Reputation: 762
I am trying to write pyspark dataframe to Azure Postgres Citus (Hyperscale). I am using latest Postgres JDBC Driver and I tried writing on Databricks Runtime 7,6,5.
df.write.format("jdbc").option("url","jdbc:postgresql://<HOST>:5432/citus?user=citus&password=<PWD>&sslmode=require" ).option("dbTable", table_name).mode(method).save()
This is what I get after running the above command
org.postgresql.util.PSQLException: SSL error: Received fatal alert: handshake_failure
I have already tried different parameters in the URL and unders the option as well, but no luck so far. However, I am able to connect to this instance using my local machine and on databricks driver/notebook using psycopg2 Both the Azure Postgres Citus and Databricks are in the same region and Azure Postgres Citus is public.
Upvotes: 3
Views: 7377
Reputation: 762
It worked by overwriting the java security properties for driver and executor
spark.driver.extraJavaOptions -Djava.security.properties=
spark.executor.extraJavaOptions -Djava.security.properties=
Explanation:
What is happening in reality is that the “security” variable of the JVM is reading by default the following file (/databricks/spark/dbconf/java/extra.security) and in this file there are some TLS algorithms that are being disabled by default.
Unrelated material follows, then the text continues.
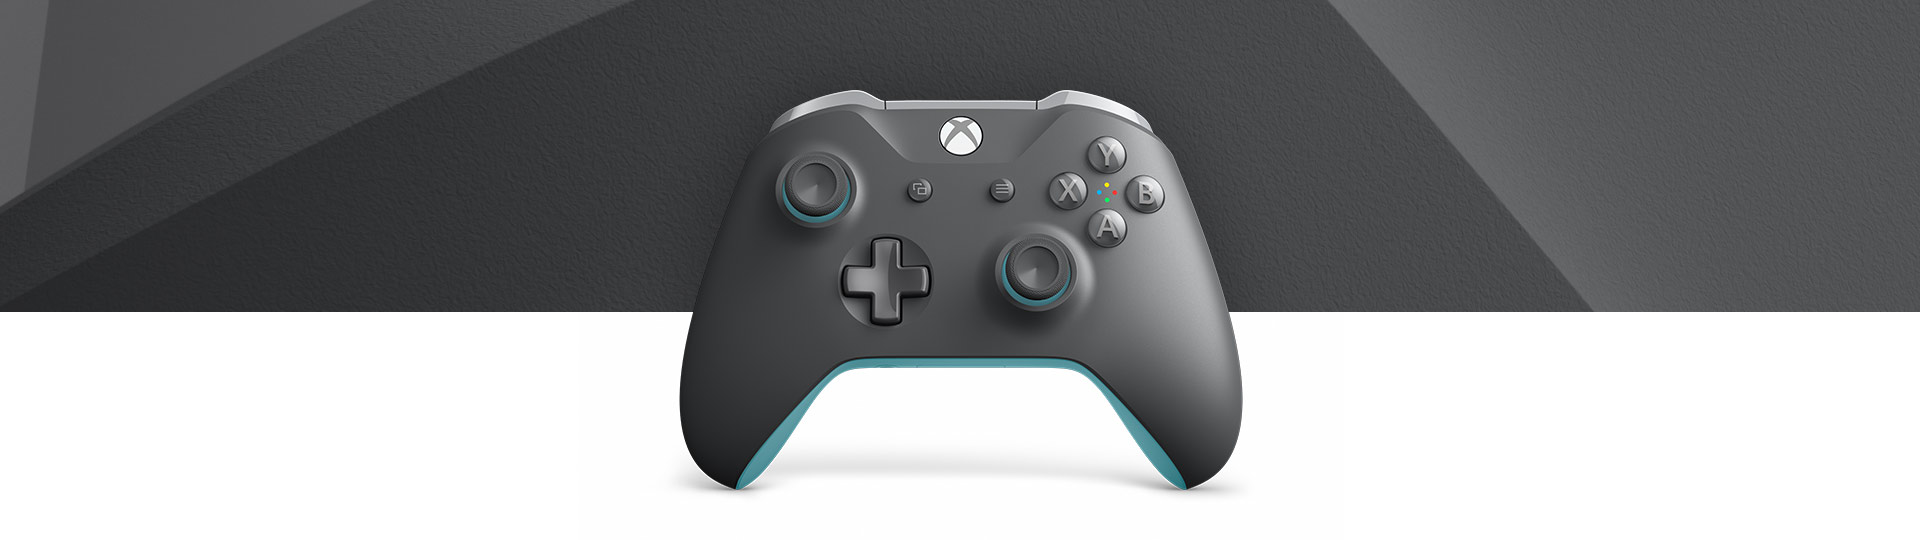 灰色/藍色 Xbox 無線控制器的正面圖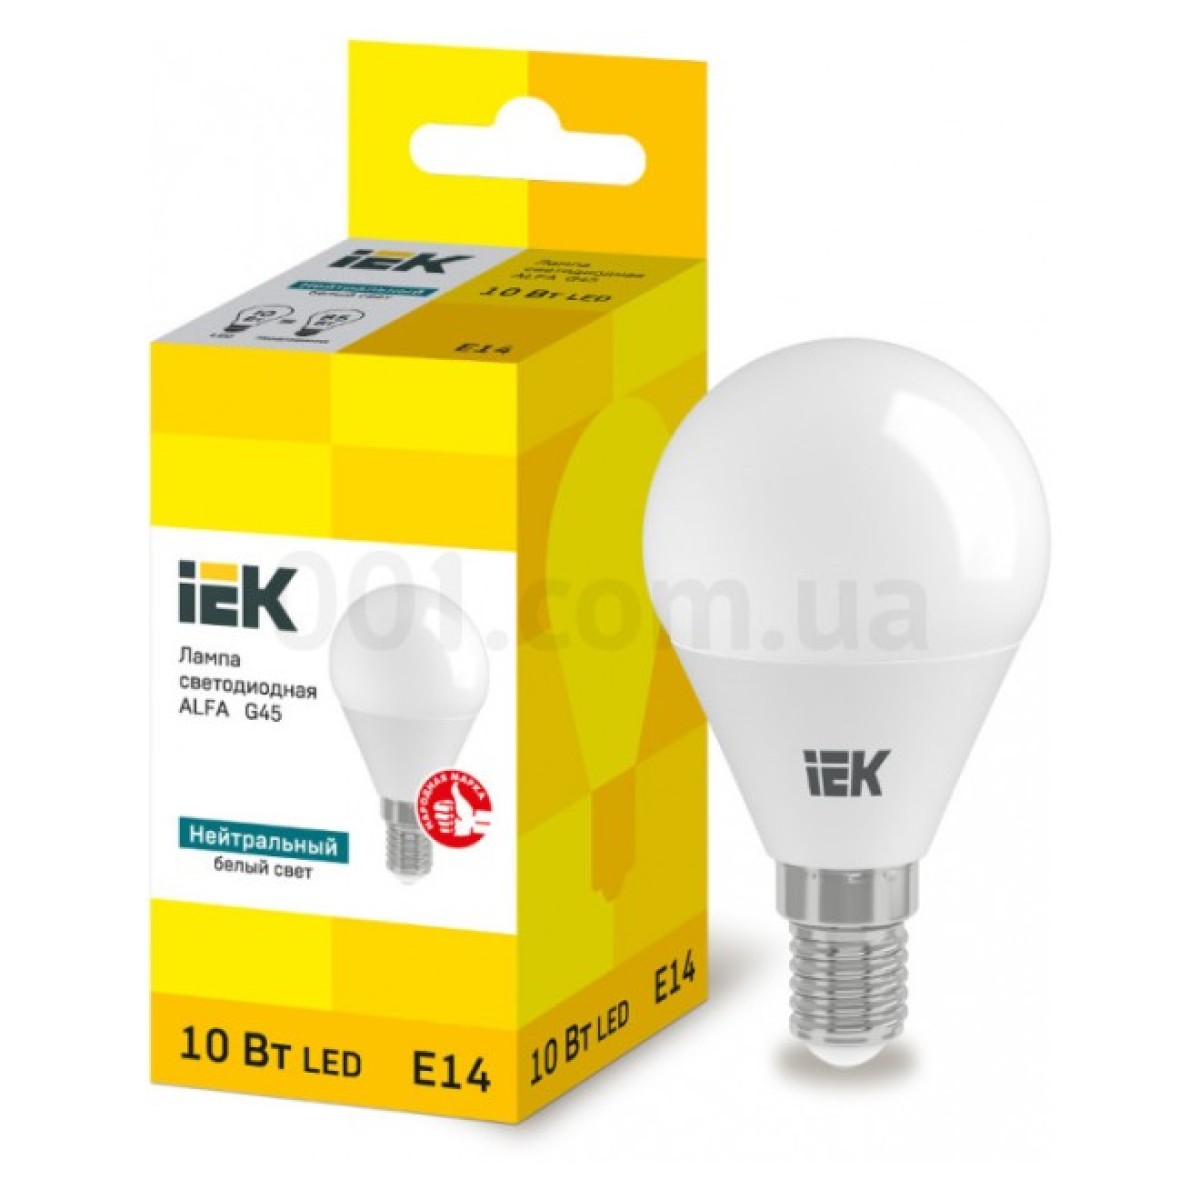 Світлодіодна лампа LED ALFA G45 (куля) 10 Вт 230В 4000К E14, IEK 256_256.jpg

That means that if I edit this file and replace the TLS cyphers that work for PostGres citus for an empty string that should also work.
When I set this variable to the executors (spark.executor.extraJavaOptions) it will not change the default variables from the JVM. The same does not happen for the driver which overwrites and so it starts to work.
Note: We need to edit this file before the variable is read and so the init script is the only way of accomplishing that.
Upvotes: 8